Андрей уже входил в опочивальню.

— Здравствуй, батюшка! — поздоровался он, почтительно целуя руку названого отца.

— Здорово!.. Что там случилось?

— Ох, случилось скорбное дело! Царь долго жить приказал.

— Помер царь-батюшка, надежа, царство ему небесное, вечный покой! — печально проговорил Лука Максимович. — Когда скончался?

— В ночь на сегодня.

— Чего ж ты раньше-то сюда не приехал?

— Поутру только сам узнал. Стоном стон стоит теперь в Москве!

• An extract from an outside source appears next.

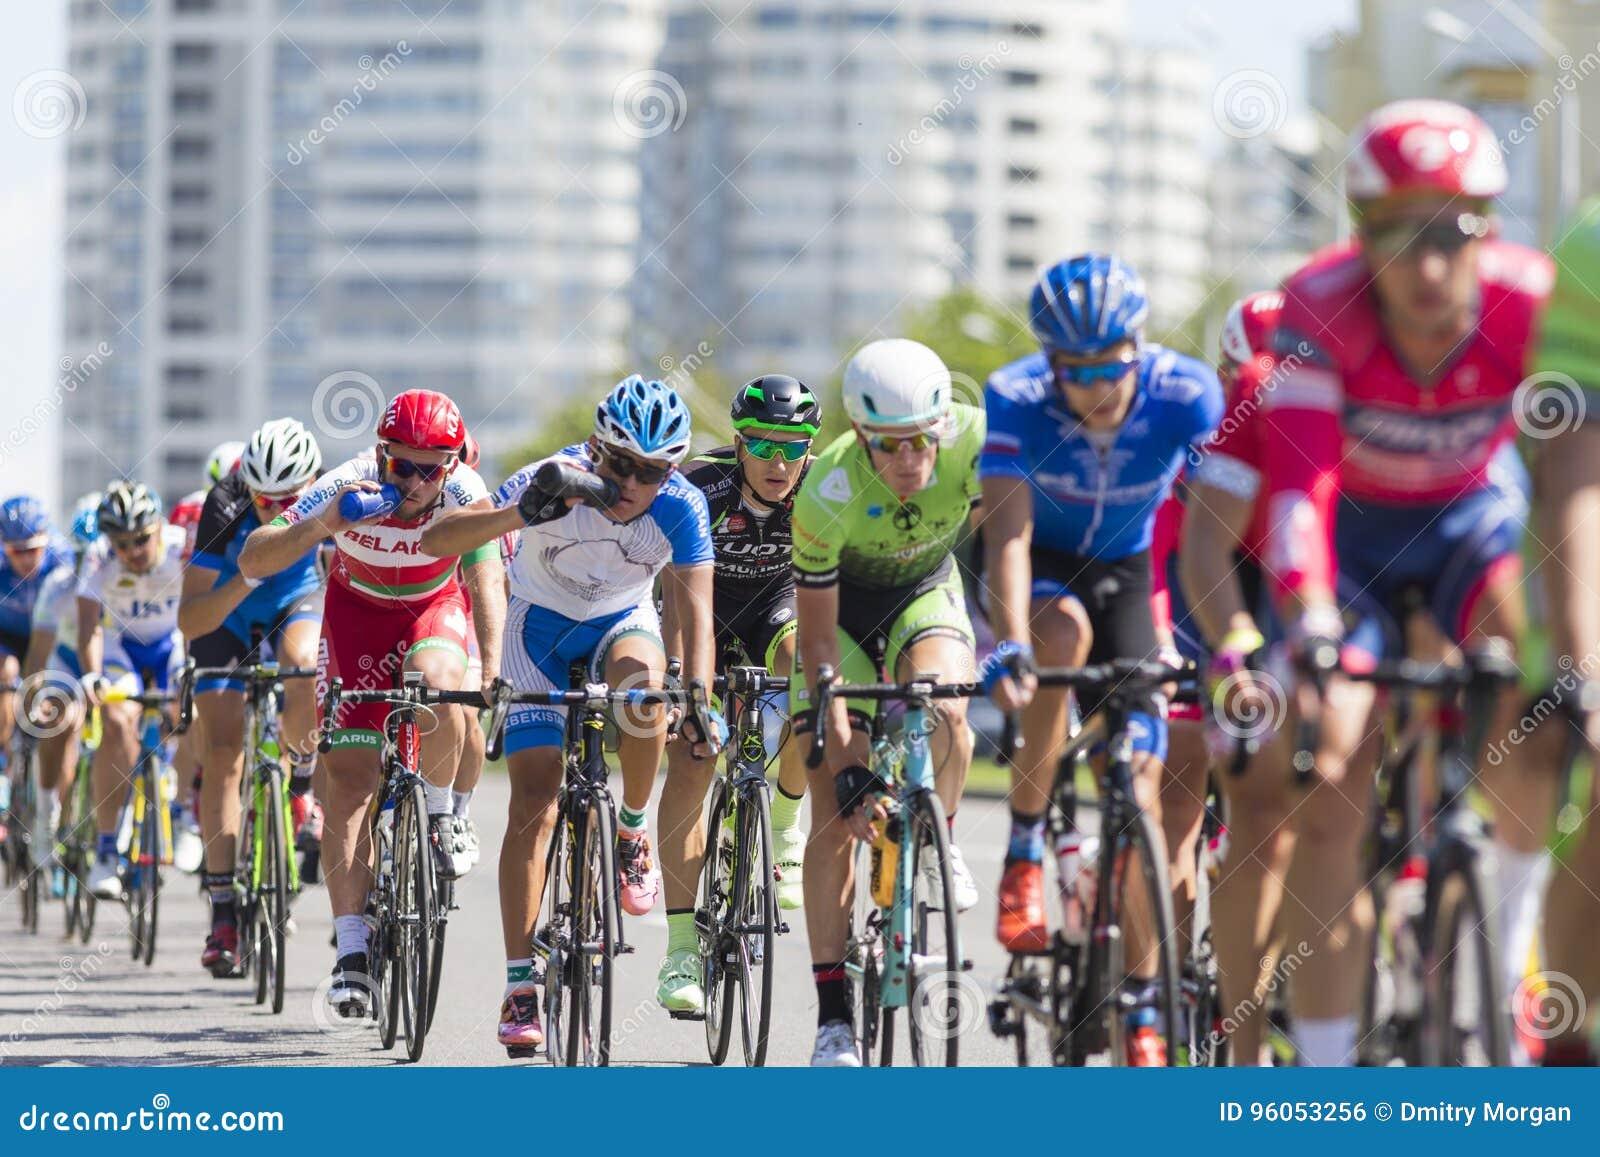 Groupe de cyclistes de route de la jeunesse dans le Peloton professionnel pendant la concurrence de recyclage Grand prix Minsk-20
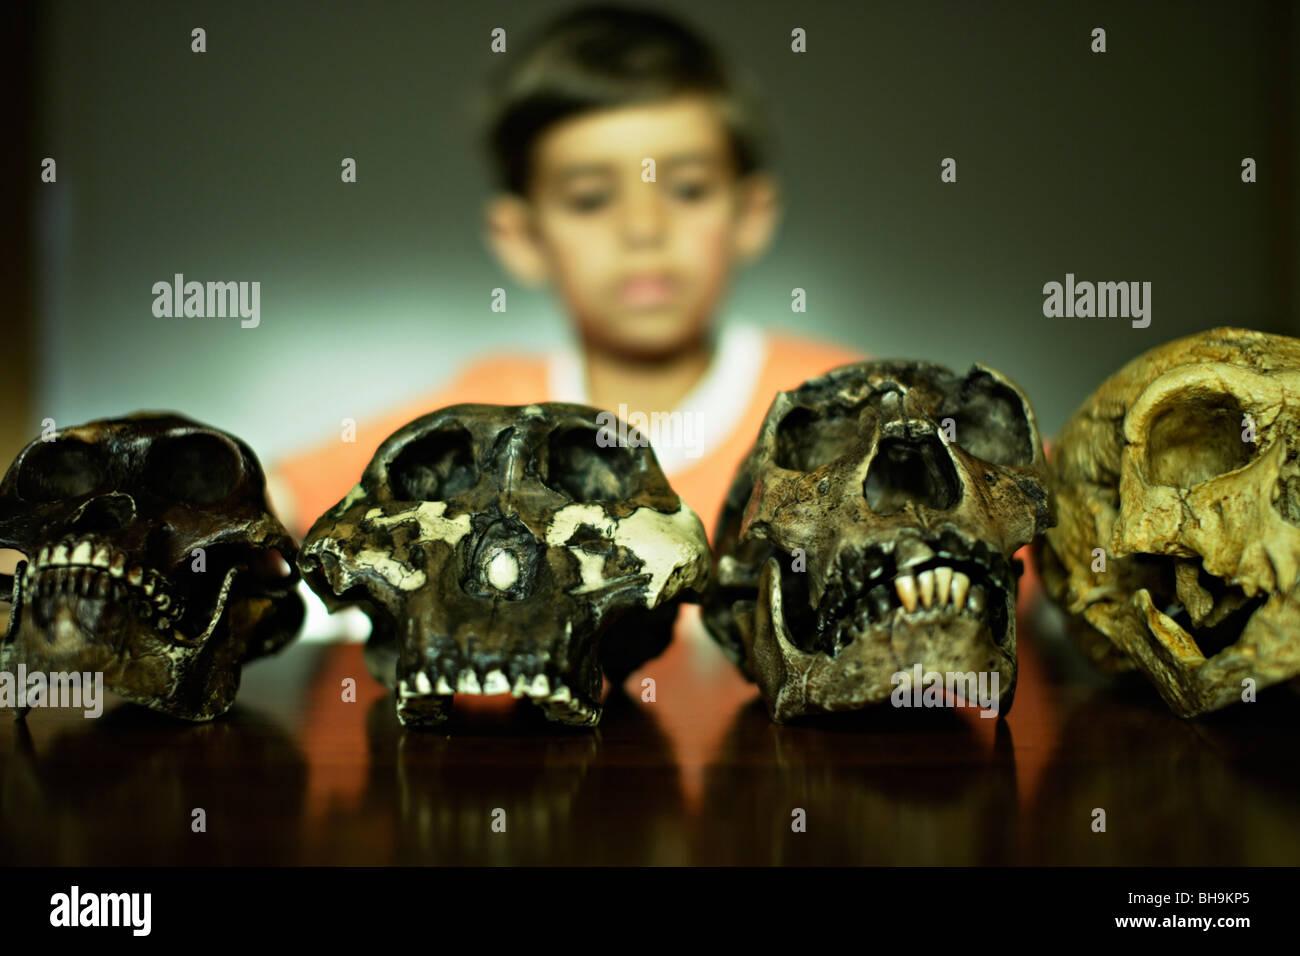 Ragazzo guarda la riproduzione di teschi di estinzione antenati umani Immagini Stock

— Еще бы! Этакое дело! Кто теперь царем будет?

— Сказывают, что царица Ирина. Опять же толкуют и то, что она от мира удалиться хочет…

— Смута идет, али так мирно все?

— Пока что мирно. Слухи ходят…

— А ну, какие?

— Перво-наперво, говорят, что откажись Ирина — быть царем Борису.

— Глупство! Перемерли у нас все бояре родовитые, что ль?

— Однако народ не прочь — потому привык к Борису… Потом еще слух идет, что хан Крымский готовится на Русь набежать…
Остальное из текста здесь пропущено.